Cookie Warning

Warning: This blog may contain cookies. Just as cookies fresh out of the oven may burn your mouth, electronic cookies can harm your computer. Visit all kitchens and blogs (yes, including this one) with care.

Monday, October 12, 2015

Chelsea Quinn Yarbro on Defying Others' Expectations

An Italian vase in the British Museum
shows the Greek Hero Theseus
defending his home city of Athens
from an invasion of Amazons.


In Chelsea Quinn Yarbro's novel A Flame in Byzantium, Olivia might have escaped the Ostrogoth invaders by moving from Rome to Constantinople, but as a woman and a widow, she enjoys few rights in Byzantine society. She must name Belisarius as her legal guardian. While he remains in Rome, she must petition for an exception to the rules every time she wishes to procure household staff, or do anything significant involving money or people. Thankfully, she is allowed to hire workers to furnish her new home. But when her bondsman discovers that goods from her plundered Roman villa have ended up in Byzantium, she cannot charge the sellers with theft, or compel the authorities to investigate the piracy.

Nor does she make the friends there that she anticipated. Drosos visits her a few times, but as an army officer, he has no control over where he is stationed. Belisarius returns home eventually, but as he has failed to secure Rome, he now lives in disgrace. For a time, Belisarius' wife Antonina moved in elite circles, and allowed Olivia to accompany her. But after Belisarius was recalled, and the death of her friend, the Empress Theodora, she finds herself alone and lonely, with no desire to leave her house.

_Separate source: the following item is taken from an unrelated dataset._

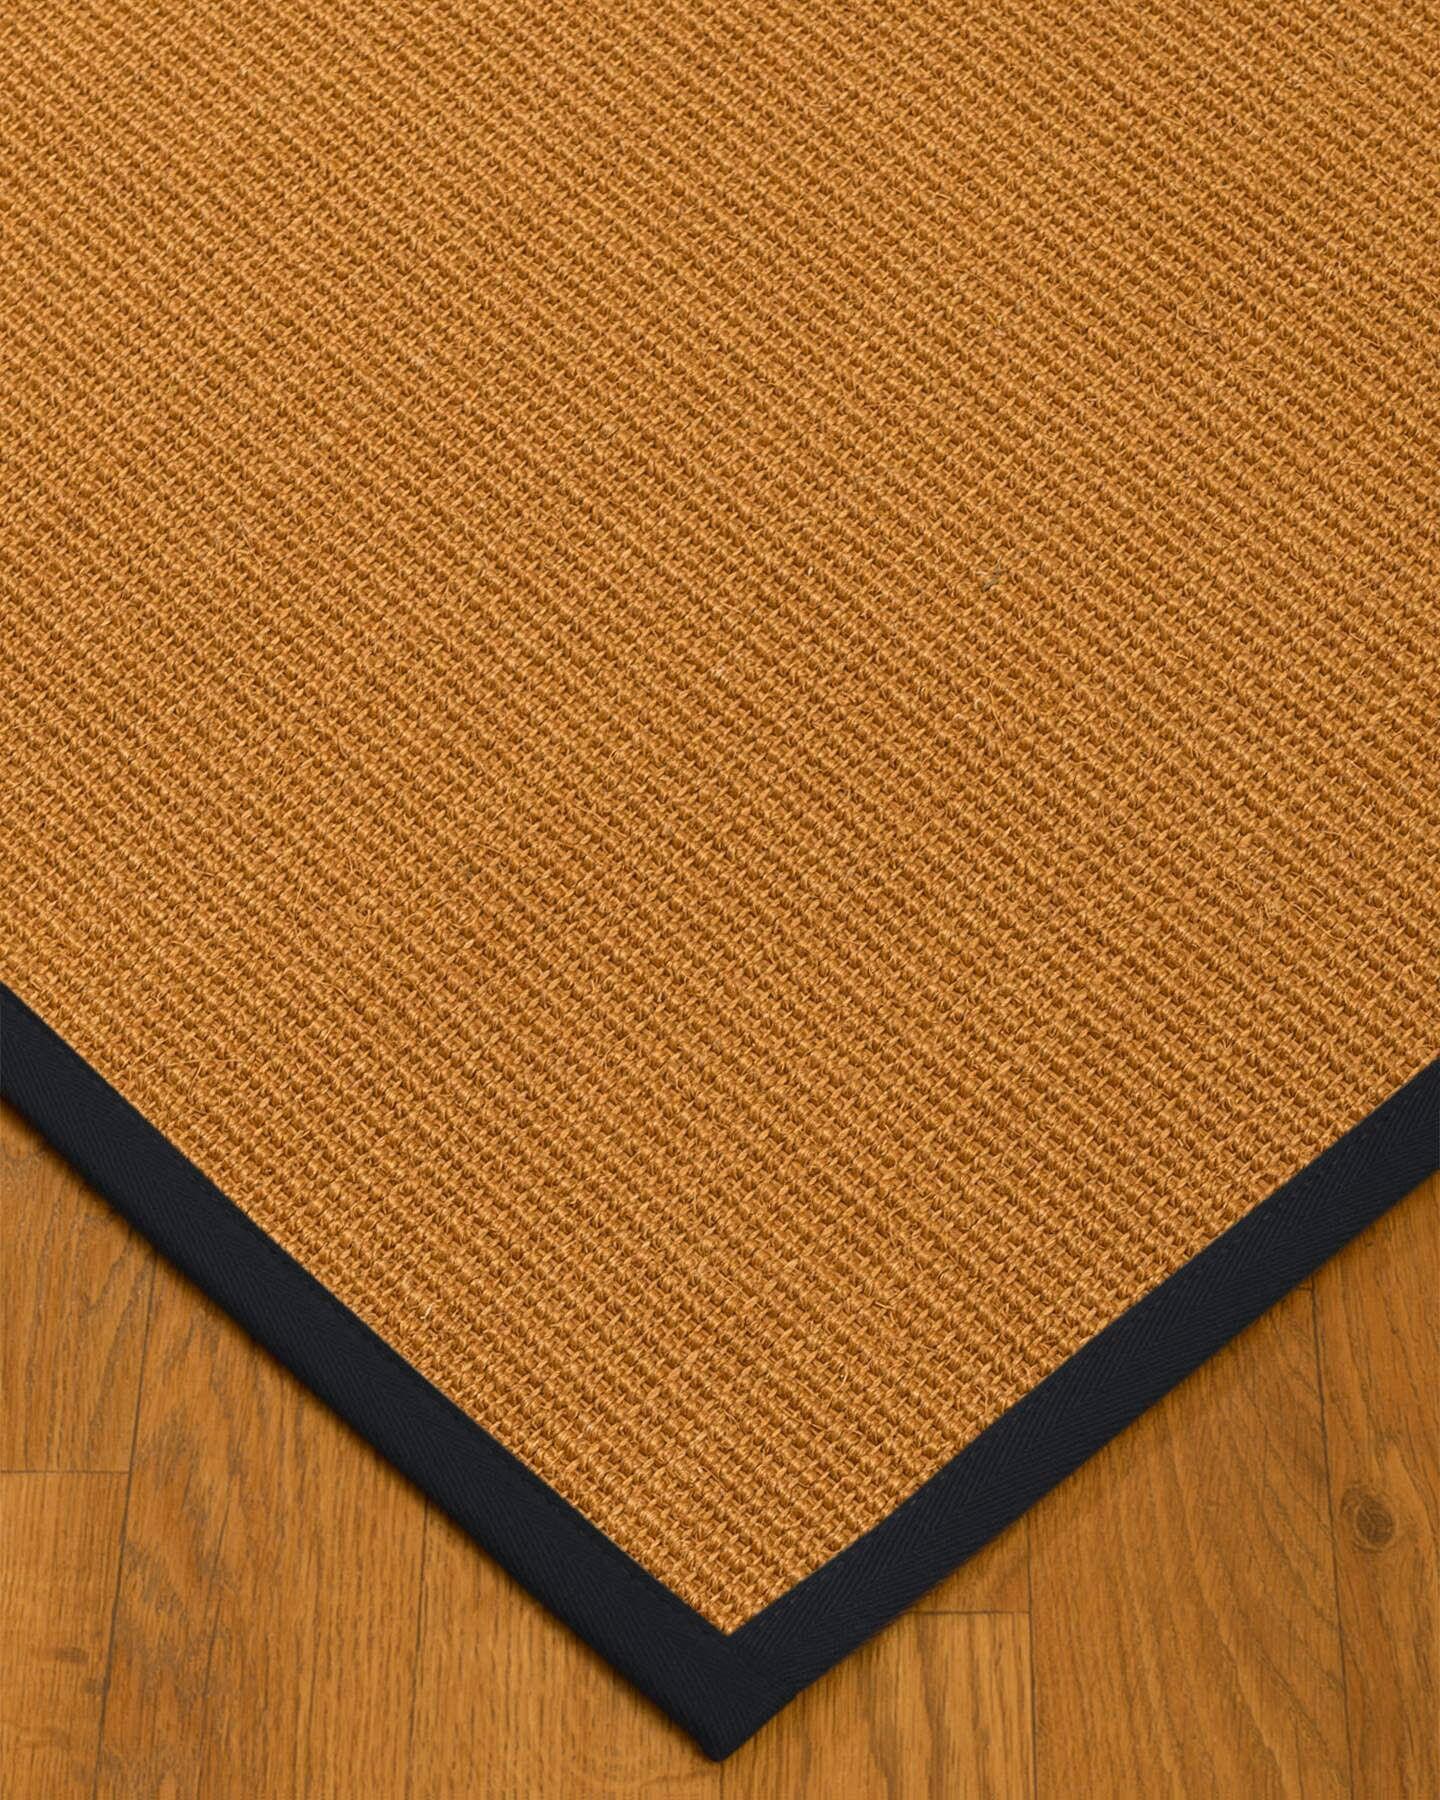 Keltner Border Hand-Woven Brown/Black Area Rug Rug Size: Runner 2'6
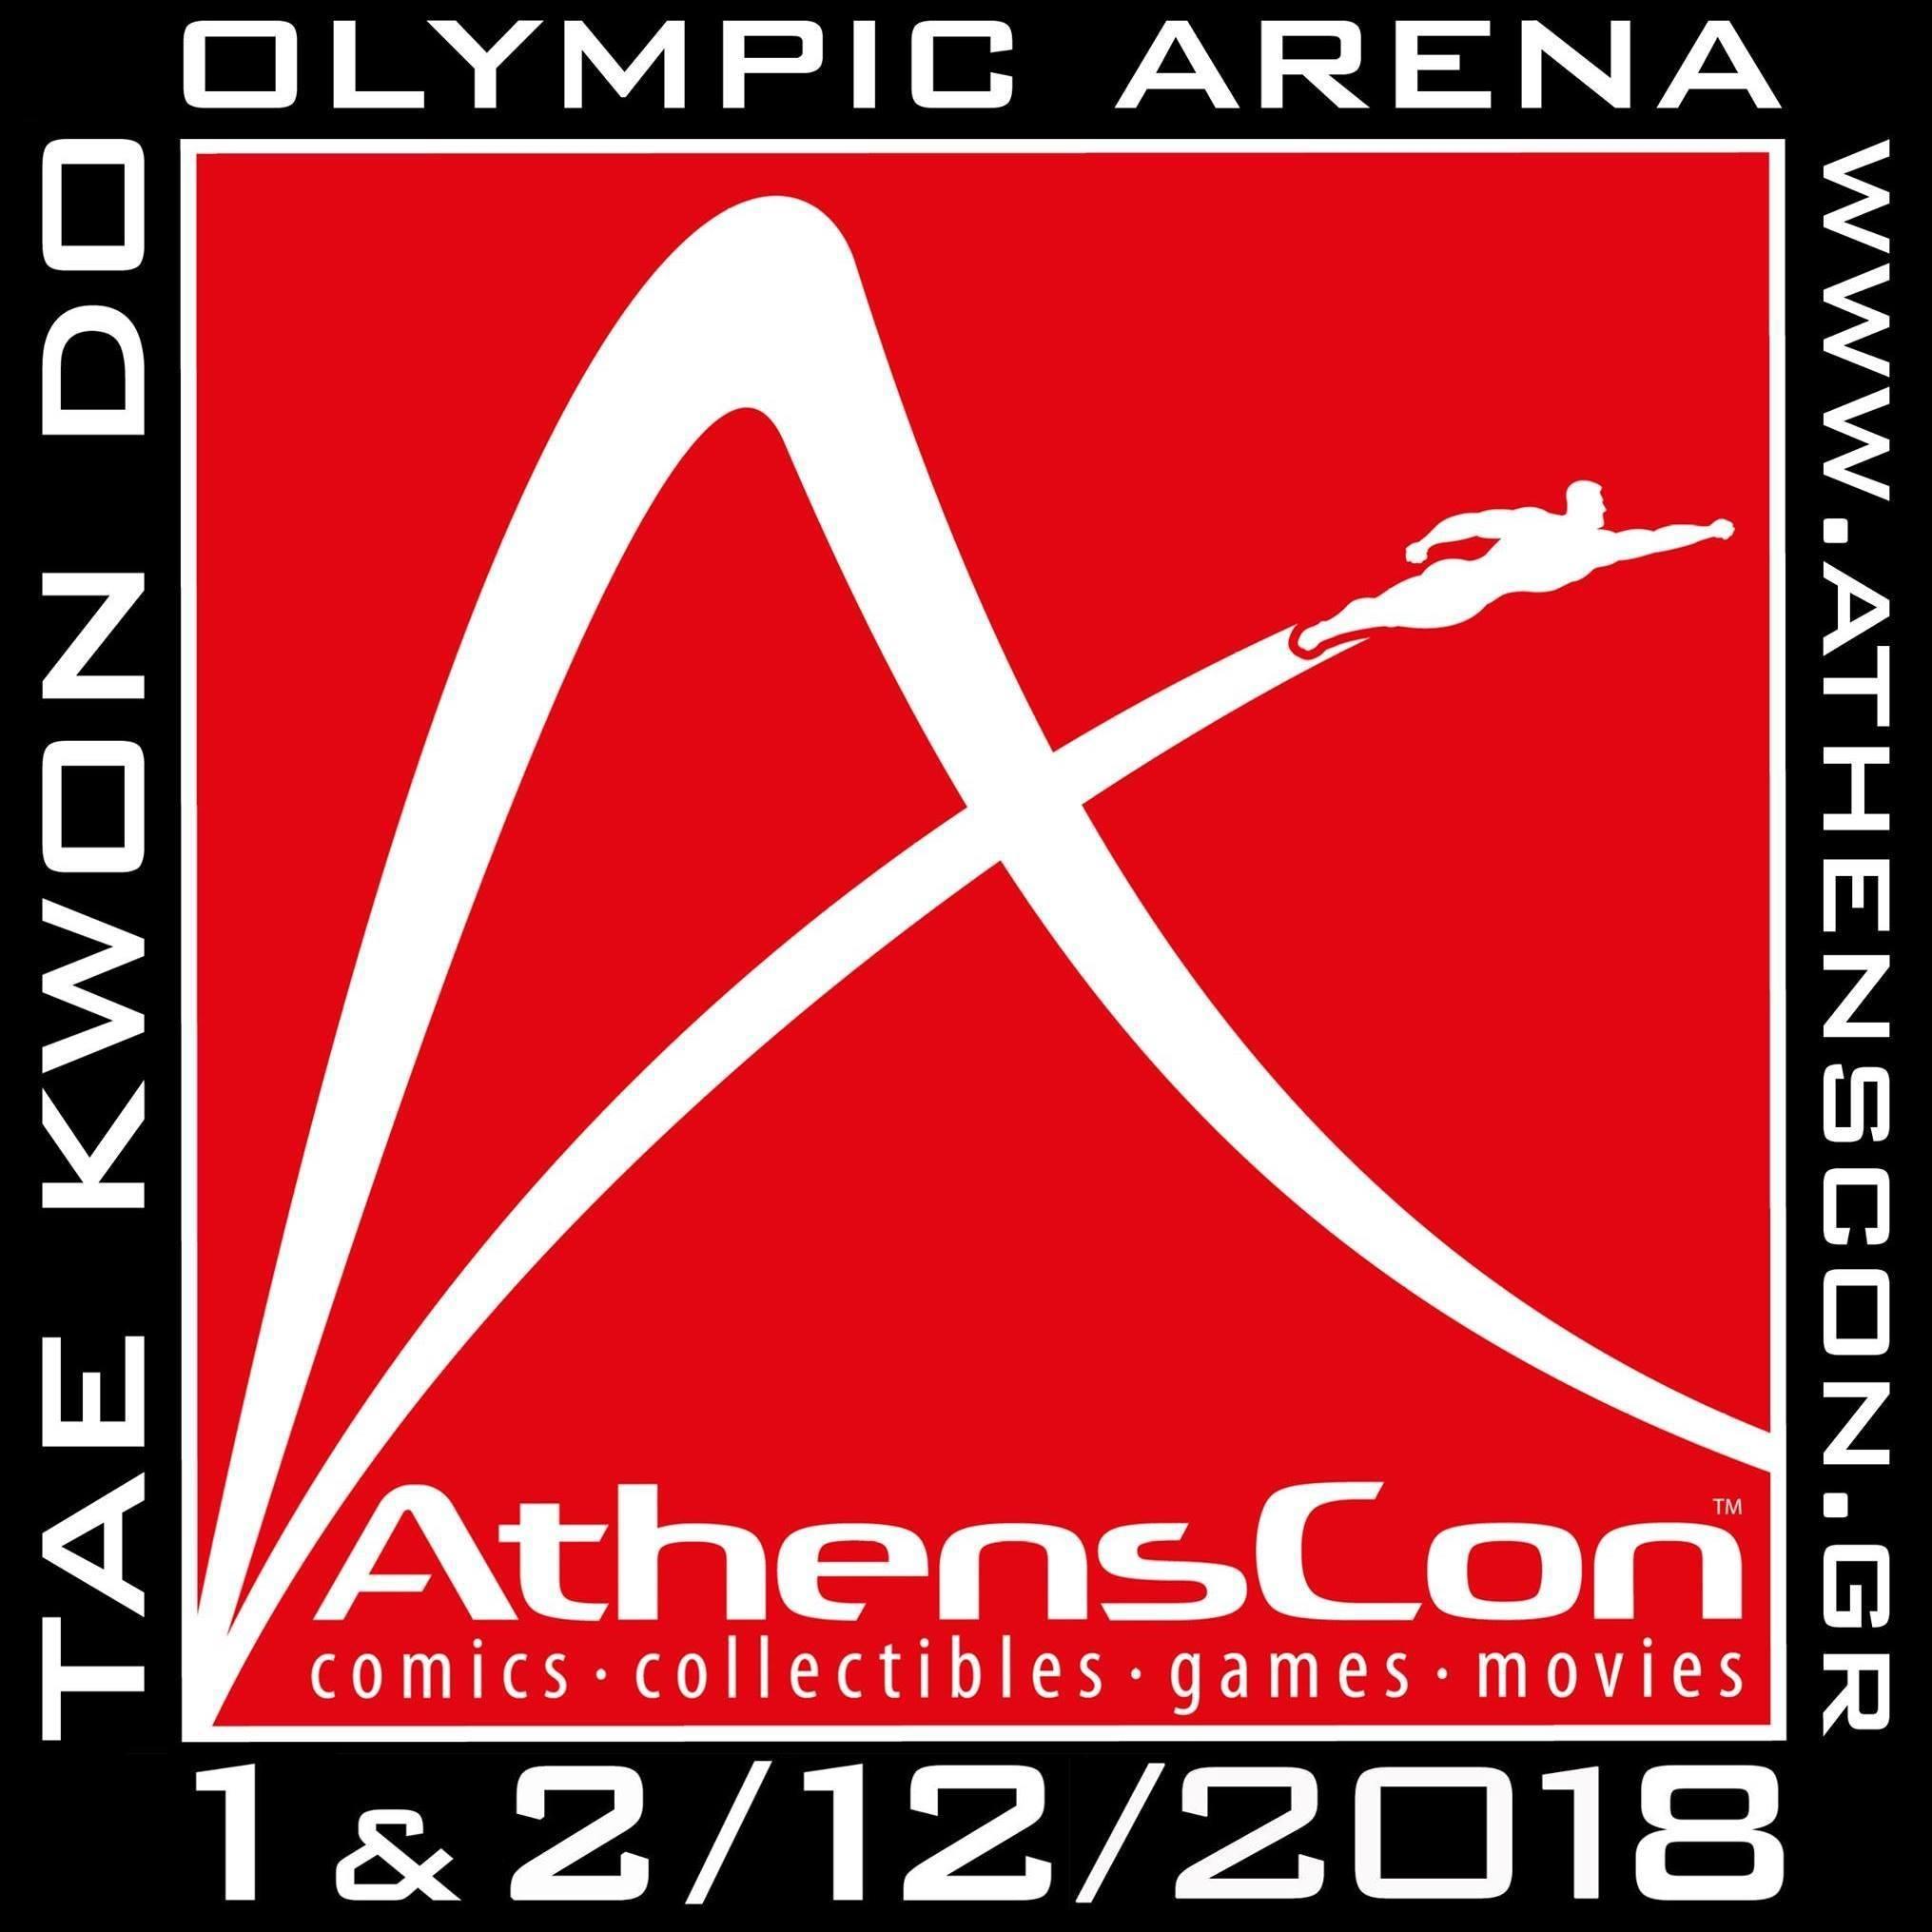 athenscon_2018-logo

Constantinople had seemed her best hope for the future: a redoubt in a world that seems to no longer value culture, stability, or civilization. Yet everyone there views her with suspicion. She refuses to remarry, join the Byzantine Church, or dress and act like a typical Byzantine woman. Her Roman practices and interests cause her to be branded a licentious, unprincipled unbeliever. They invent stories about her, shun her, and implicate her in scandals. The Court Censor orders her servants to spy on her (under threat of torture and death), and plant books proscribed by the Emperor in her library. His soldiers search her villa, carry away precious furniture and heirlooms, and claim their plunder as evidence. He relentlessly pursues a legal case against her. She can not even leave Constantinople, at least not openly. She would be arrested by soldiers along the road, or those guarding the docks. 

Nevertheless, Olivia refuses to relinquish her principles, way of life, and everything she holds dear. In this way, she becomes a person we can respect and emulate. Even if she is a vampire.